Perdone, soy coach. ¿Tiene sillas incómodas?

Luis Asensio/ Executive & Life Coach

Desde el antiguo Egipto, el hombre ha buscado la forma de descansar en una posición intermedia entre el estar de pie y el colocarse sobre el suelo. Para ello empleamos sillas. Es cierto que éstas igualan a coach y coachee en una sesión, acercándolos; les permite comunicarse desde la cercanía y la confidencia y genera una relación de confianza. Pero mi intuición me dice que aquellos que queremos equilibrar en nuestras sesiones de coaching seguridad y valentía sentimos una mirada diferente hacia esos “palos” disfrazados de confort, aliados ocultos de los saboteadores, esos confidentes de nuestro yo protector, los que extorsionan a nuestros clientes para que no exploren más allá, protegiéndoles en silencio y boicoteando cualquier expresión auténtica de quienes son. Es ponerte de pie y sentir que tu centro baja de la cabeza al cuerpo y sentir que no hay red: no hay bolígrafos en mano, ni reposabrazos que abrazar, ni miradas ladeadas desde la razón. Tú y yo. Auténticos. Desnudos. Qué bello es remar en una sesión con los pies enraizados en el suelo y el pecho bien abierto!
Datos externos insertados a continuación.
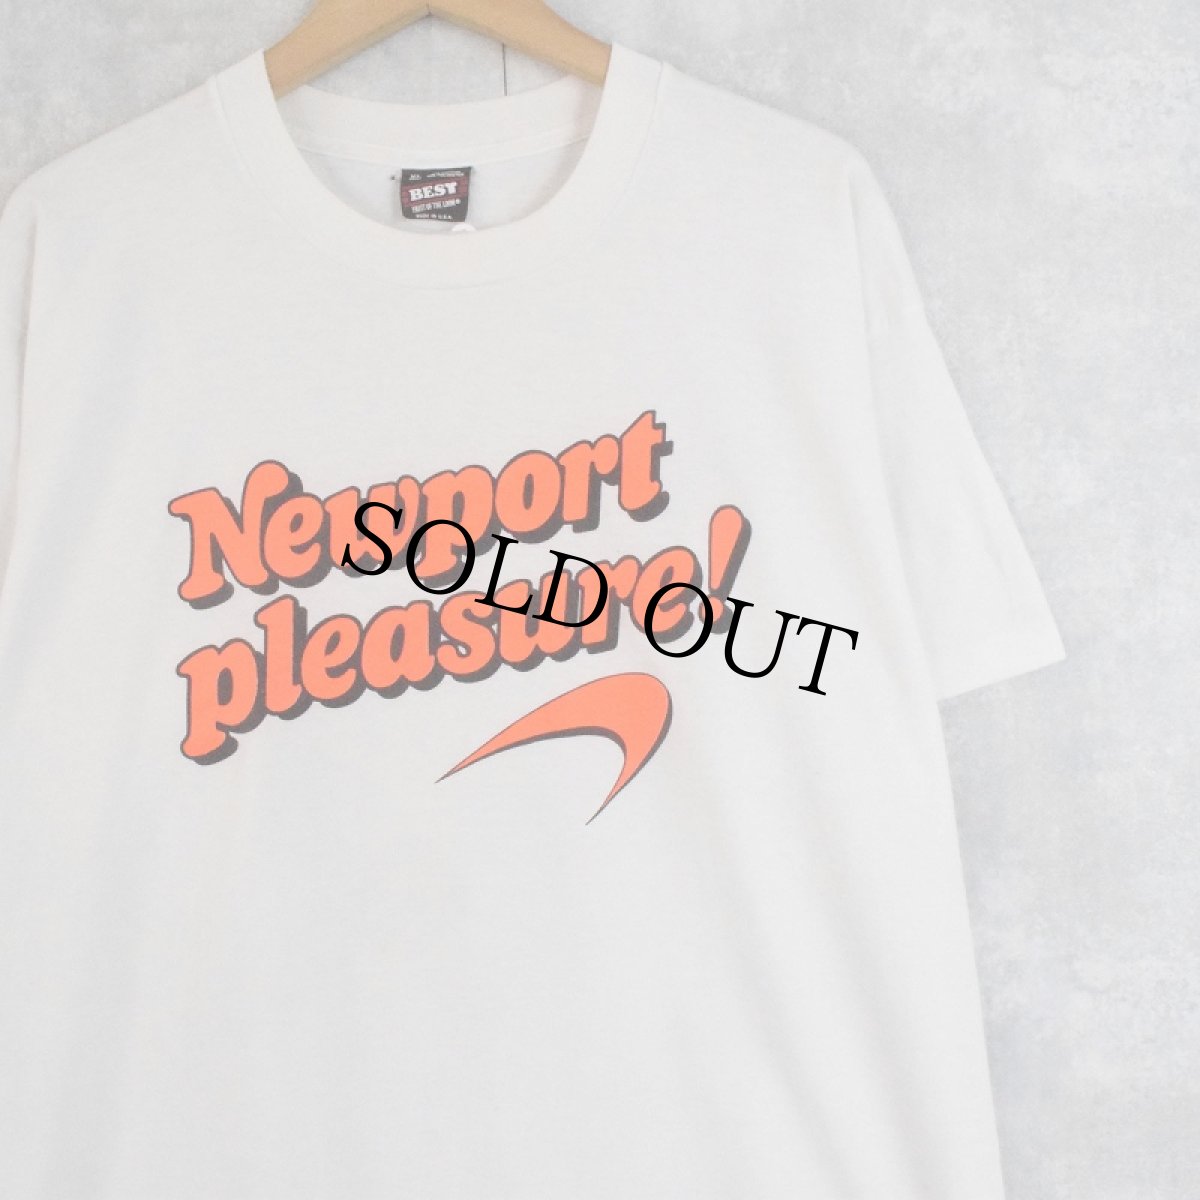 画像1: 90's USA製 "Newport pleasure!" ロゴプリントTシャツ XL (1)

Sí, es verdad. El sostener la agenda de nuestros clientes no debe comportar una logística poco amable horas y horas al día. Y me viene el suelo como lugar donde acomodarnos, en contacto con la tierra. Mi intuición me dice que cuanto más enraizados estamos con el suelo (de pie o sentados) más espacio tiene nuestro ser para mostrar quien es y lo que de verdad le impulsa. Los saboteadores rezan para que la sesión sea amable, muy amable y confortable; doblados y con palos de madera como testigos de lo que allí acontece. Sí, sentados apenas se siente la tierra de la que venimos, sólo de forma tímida. Ahí la luz del ser es tenue, muy tenue.

Iluminemos lo que somos y la esencia de nuestros clientes desde la tierra, pisando con audacia. Es una realidad: termino la certificación y desde hace ya días cuando visualizo mi futuro como coach personal y ejecutivo no veo sillas. ¿Qué estarán tramando mis saboteadores ahora que hago pública esta reflexión? Iros a Hawai!!!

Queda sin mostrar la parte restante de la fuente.